How can the proposed information design techniques be extended to more complex auction formats, such as multi-slot auctions or auctions with budget-constrained bidders

The proposed information design techniques can be extended to more complex auction formats by adapting the signaling schemes to accommodate the specific characteristics of these auctions. For multi-slot auctions, where multiple items are being auctioned simultaneously, the signaling scheme can be modified to consider the allocation of multiple slots to different bidders. This would involve designing signals that reveal information about the optimal allocation of slots based on the bidders' values and the auctioneer's knowledge. In auctions with budget-constrained bidders, the signaling scheme can be tailored to provide information that helps bidders make optimal bidding decisions within their budget constraints. This could involve signaling the expected return on investment for different bid amounts, taking into account the bidders' budget limitations. Overall, the extension to more complex auction formats would require a careful analysis of the specific auction dynamics and constraints to design signaling schemes that maximize revenue while ensuring truthful bidding behavior from the bidders.

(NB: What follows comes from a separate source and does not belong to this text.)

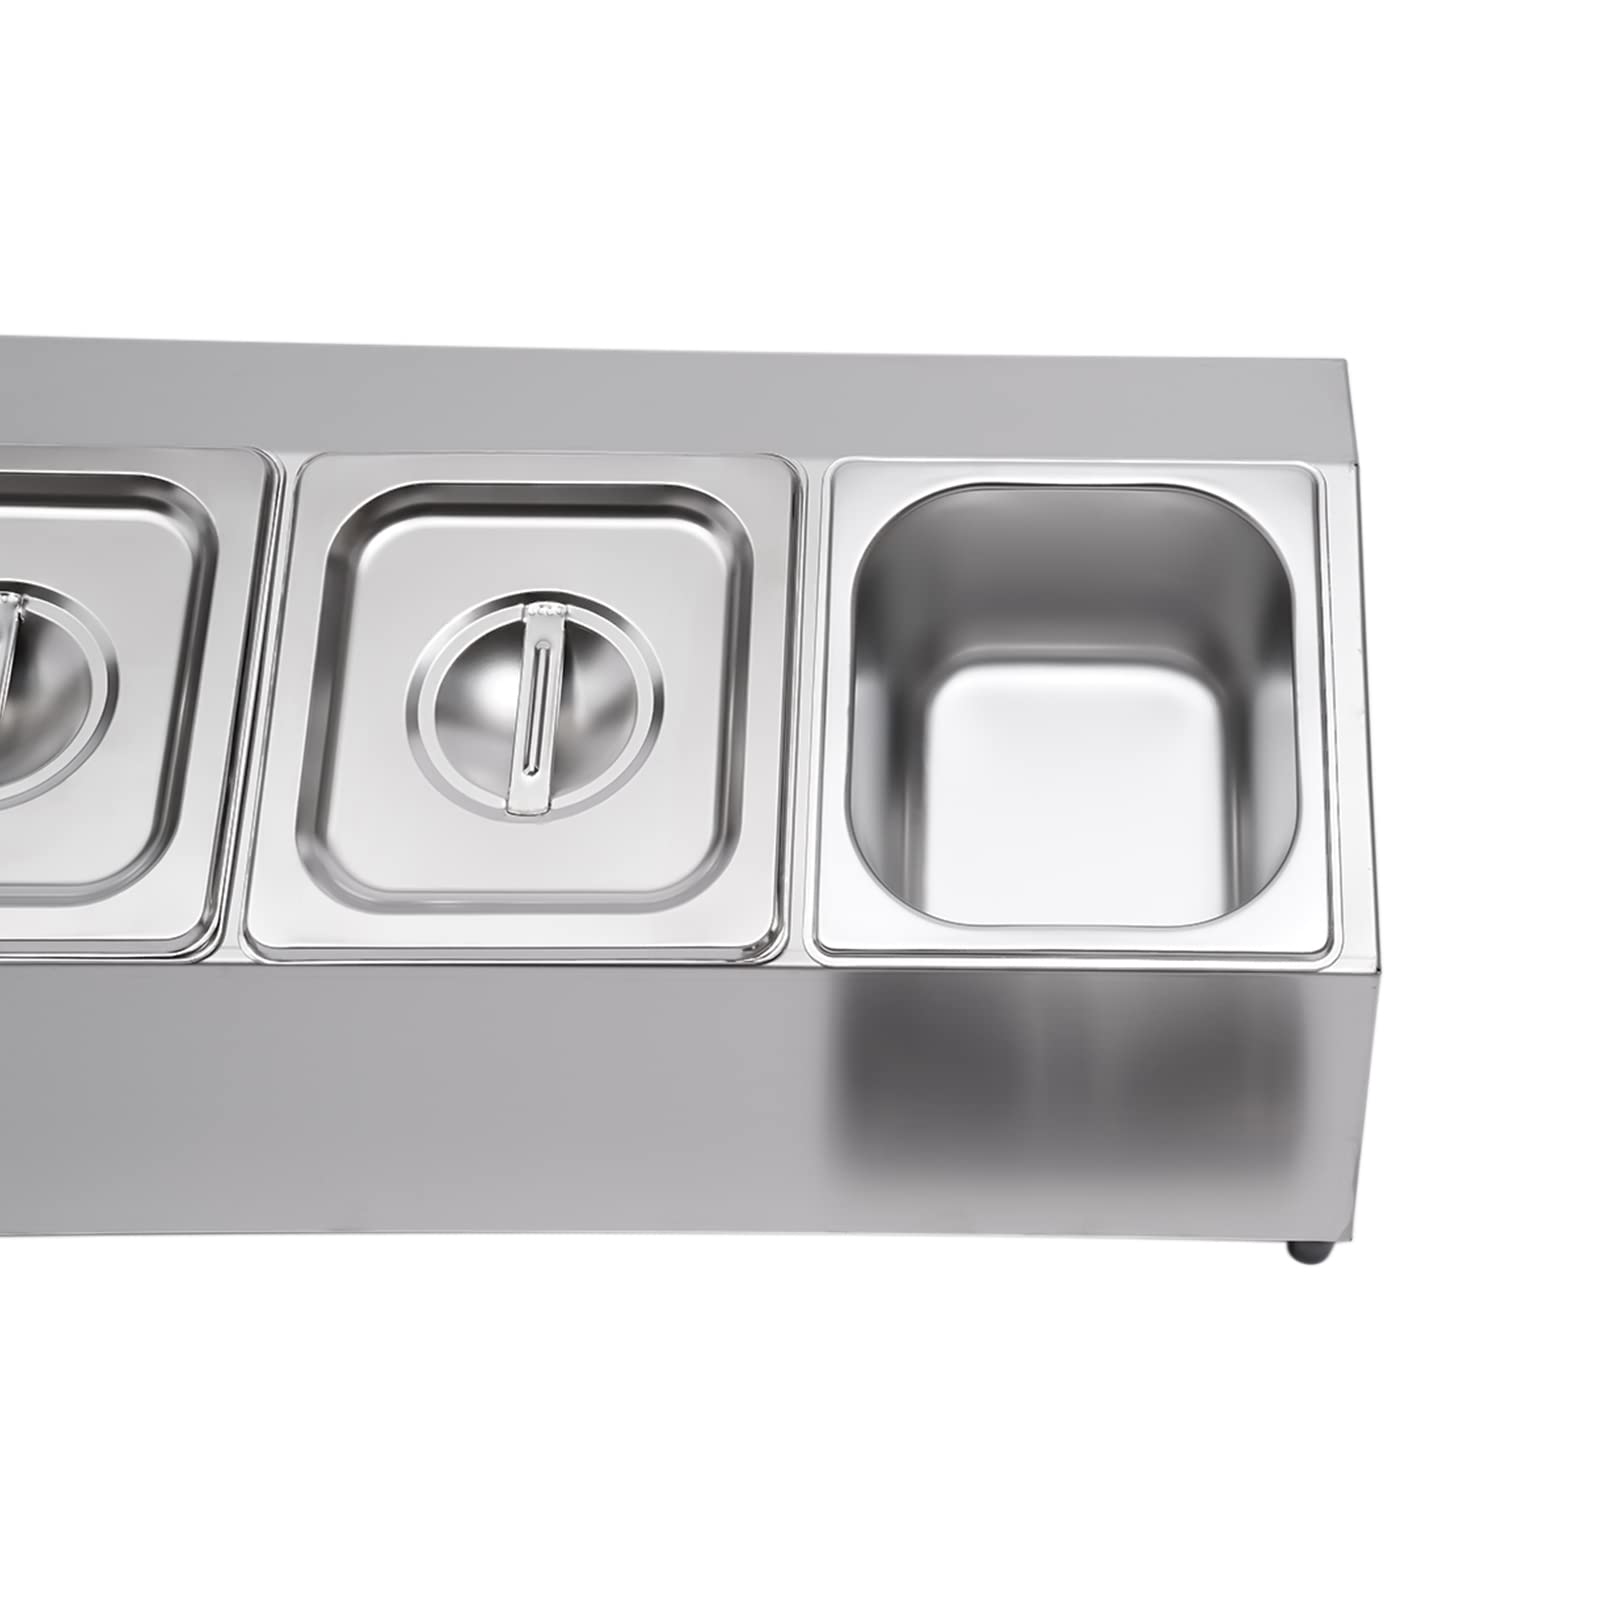 Aufsatzbord für Behälter Gastronormbehälter Edelstahl inkl. 5 Behälter mit Deckel, Spülmaschinenfest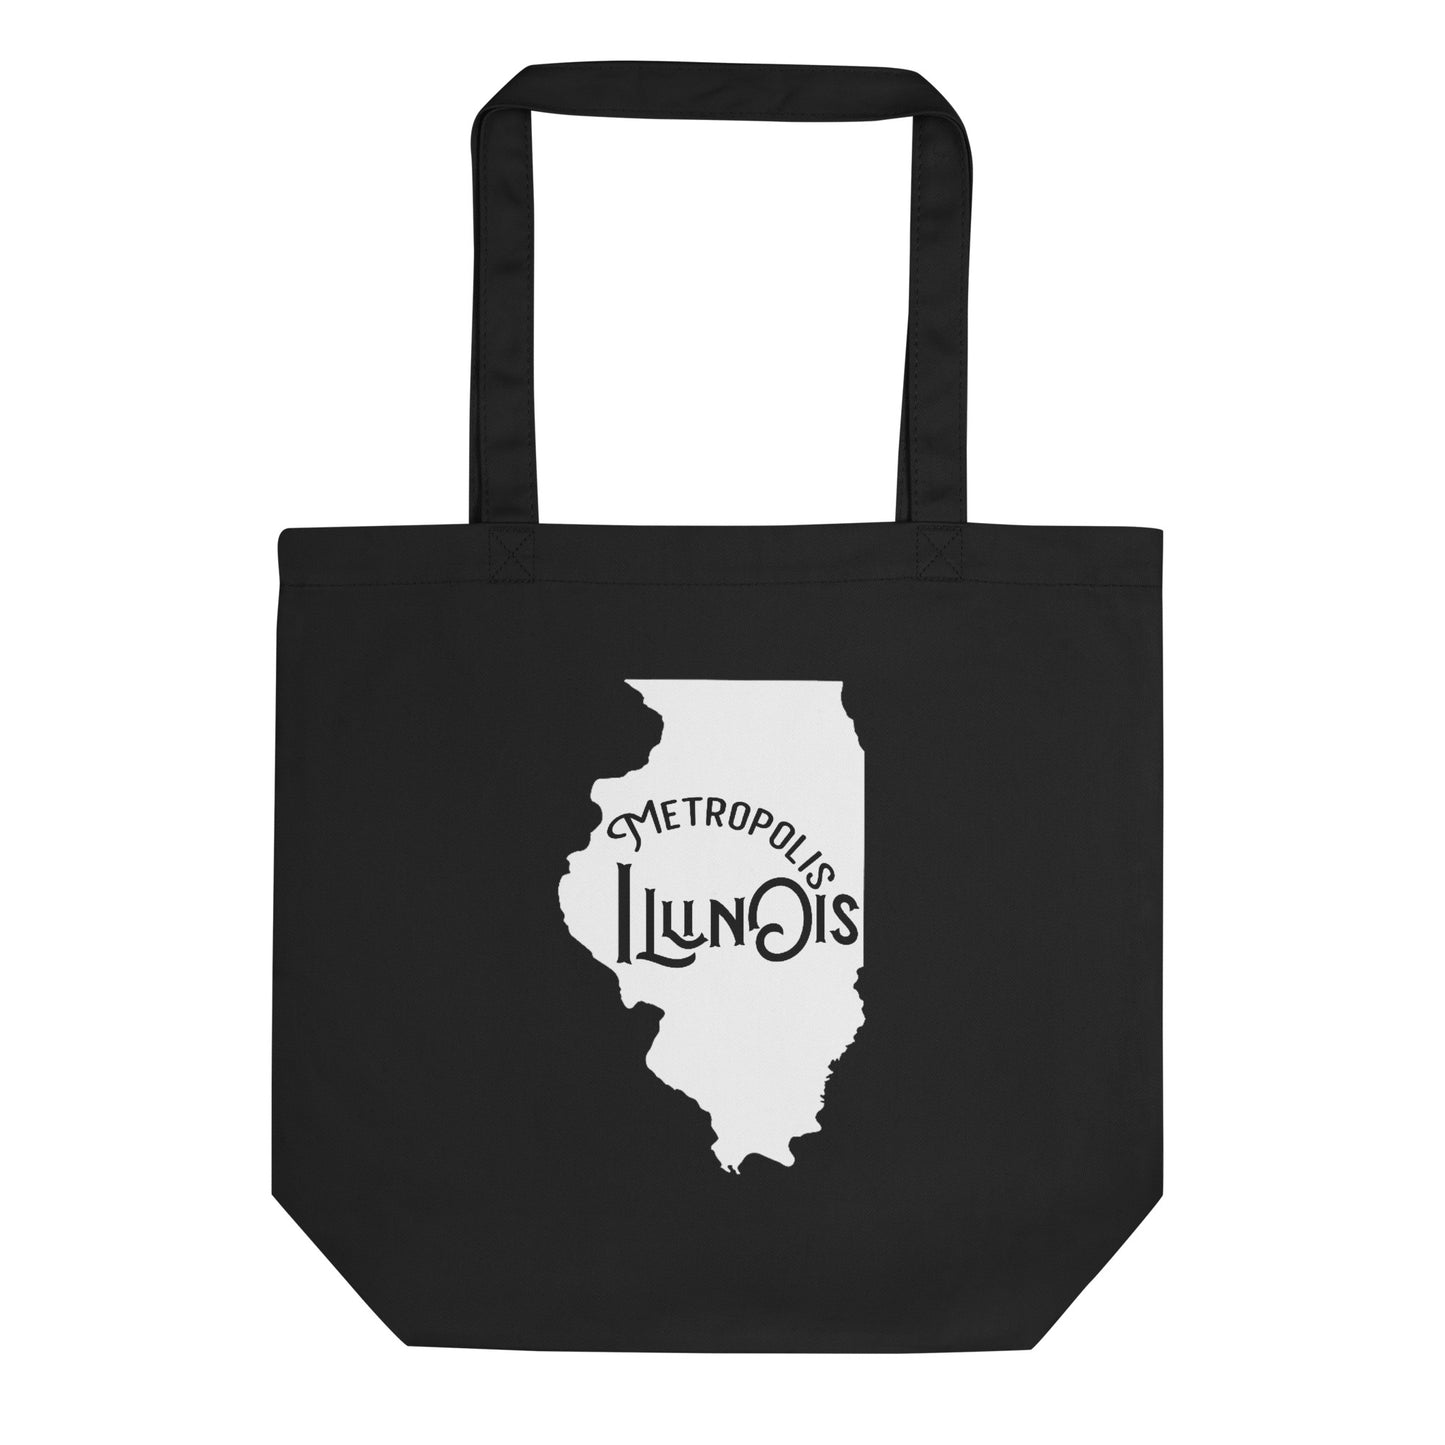 Metropolis Illinois Eco Tote Bag

What are the implications of the optimal signal ratio being at most 1

The implication of the optimal signal ratio being at most 1 is that the signaling scheme tends to focus on providing information that aligns with the bidders' true values rather than overly specific or targeted information. This limitation on the signal ratio prevents the signaling scheme from becoming too persuasive or manipulative, ensuring that bidders continue to bid truthfully based on their actual values per click. This observation relates to the concept that too "fine-grained" targeting information may lead to a thin market. When information provided to bidders becomes too specific or tailored, it can reduce competition in the auction by discouraging certain bidders from participating. By limiting the signal ratio to be at most 1, the signaling scheme strikes a balance between providing relevant information to bidders and maintaining a competitive auction environment.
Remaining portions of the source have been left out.